In a contemporary review for The New York Times, critic Mordaunt Hall wrote: "It is an unusual and remarkable film offering, one that is instructive and compelling but in no way a story. There is drama interspersed with captivating comedy, and the audience last night applauded some of the wonderful photographic sequences and at other times they were moved to laughter by the antics of the animals."

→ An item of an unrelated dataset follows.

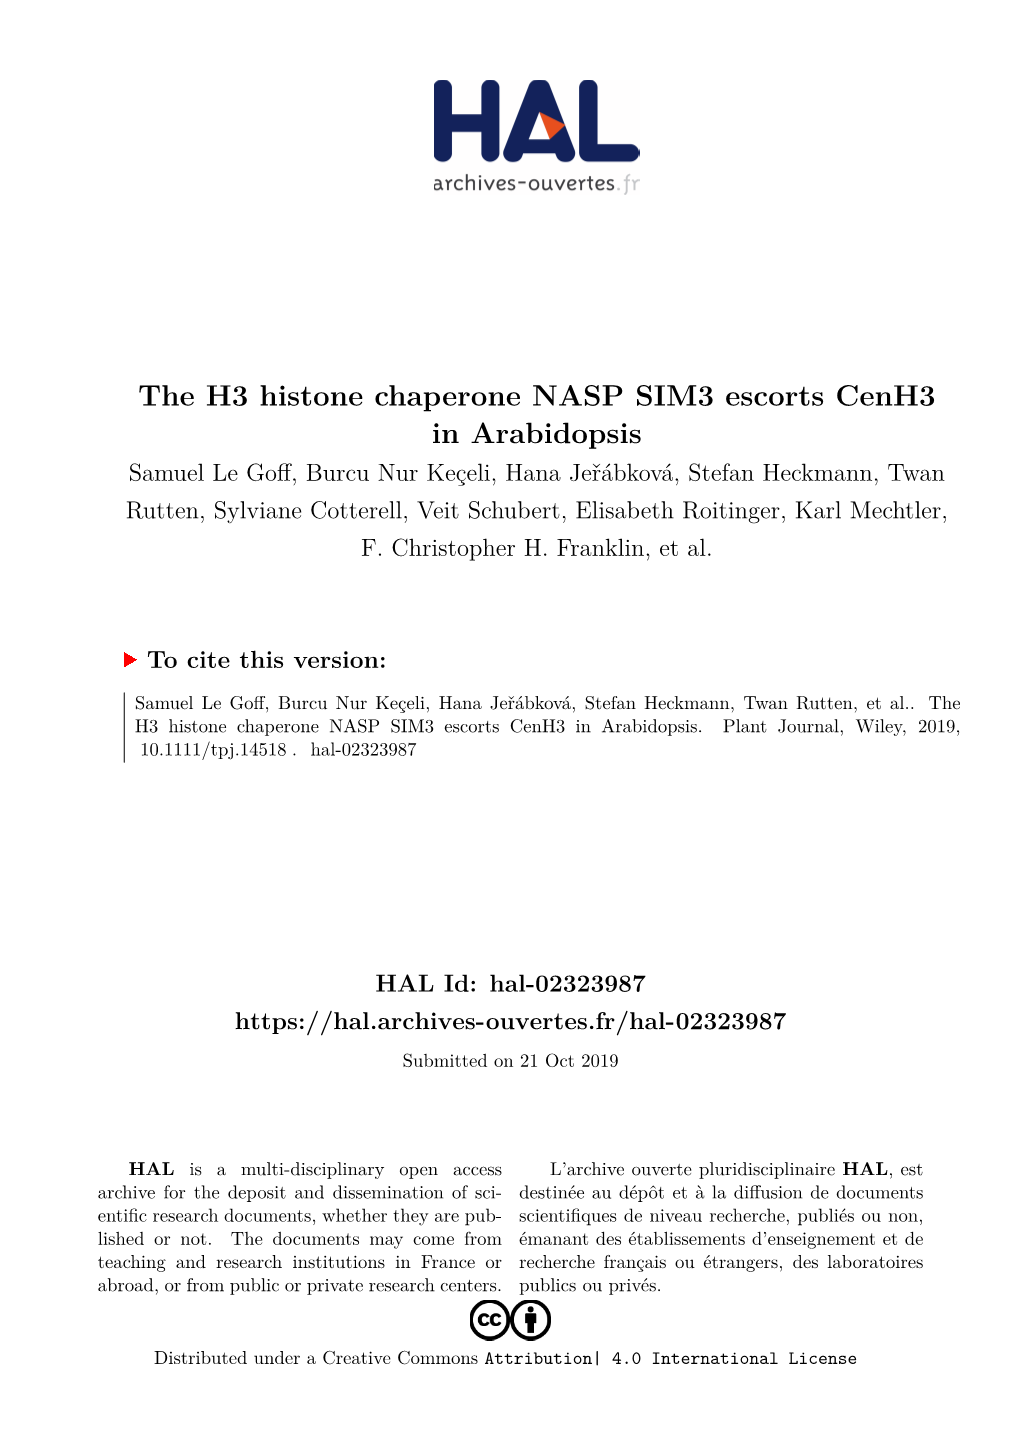 The H3 Histone Chaperone NASP SIM3 Escorts Cenh3 in Arabidopsis

The film was first shown at The Explorers Club annual dinner held at the Hotel McAlpin in New York City on January 24, 1925, along with a lecture by Cooper. The Explorers Journal reported: "It is Mr. Cooper's happy achievement to have portrayed poignantly and comprehensively the drama of a people in their primitive struggle with inexorable forces of nature. The pictures were a fitting climax to an evening of thrilling entertainment."Grass was later purchased for distribution by Paramount Pictures. Its theatrical debut took place at the Criterion Theatre in New York on March 30, 1925.

==Planned remake==
In 1947, Merian C. Cooper sought to remake Grass, which he called a "damned half picture," and he said: "One man and one woman, and their children, will exemplify for the audience the whole of this struggle for survival which breeds a race that is proud and strong, rugged individuals all, meeting bravely the moods of natural forces seemingly bent upon their destruction." Ernest B. Schoedsack told him to forget the idea because his Persian friends had informed him that a rail line now ran through the country, and much of the Bakhtiari's trek was now performed using cars and trucks.

==Reissue==
Grass was reissued theatrically in the early 1990s. Rights to Grass had been donated to the Museum of Modern Art, and Milestone Film and Video obtained the rights in 1990. Dennis Doros of Milestone said:

Out of the one hundred and fifty to two hundred films we've done, Grass and Chang are among the ones I am most proud of distributing. Chang is a national treasure in Thailand. Grass has images of race and culture that don't exist anymore, it's been called the greatest migration in modern history, and I agree. The journey of the Bakhtiari is so astonishing, the power of those images is like a dream, the way they're constantly moving and climbing.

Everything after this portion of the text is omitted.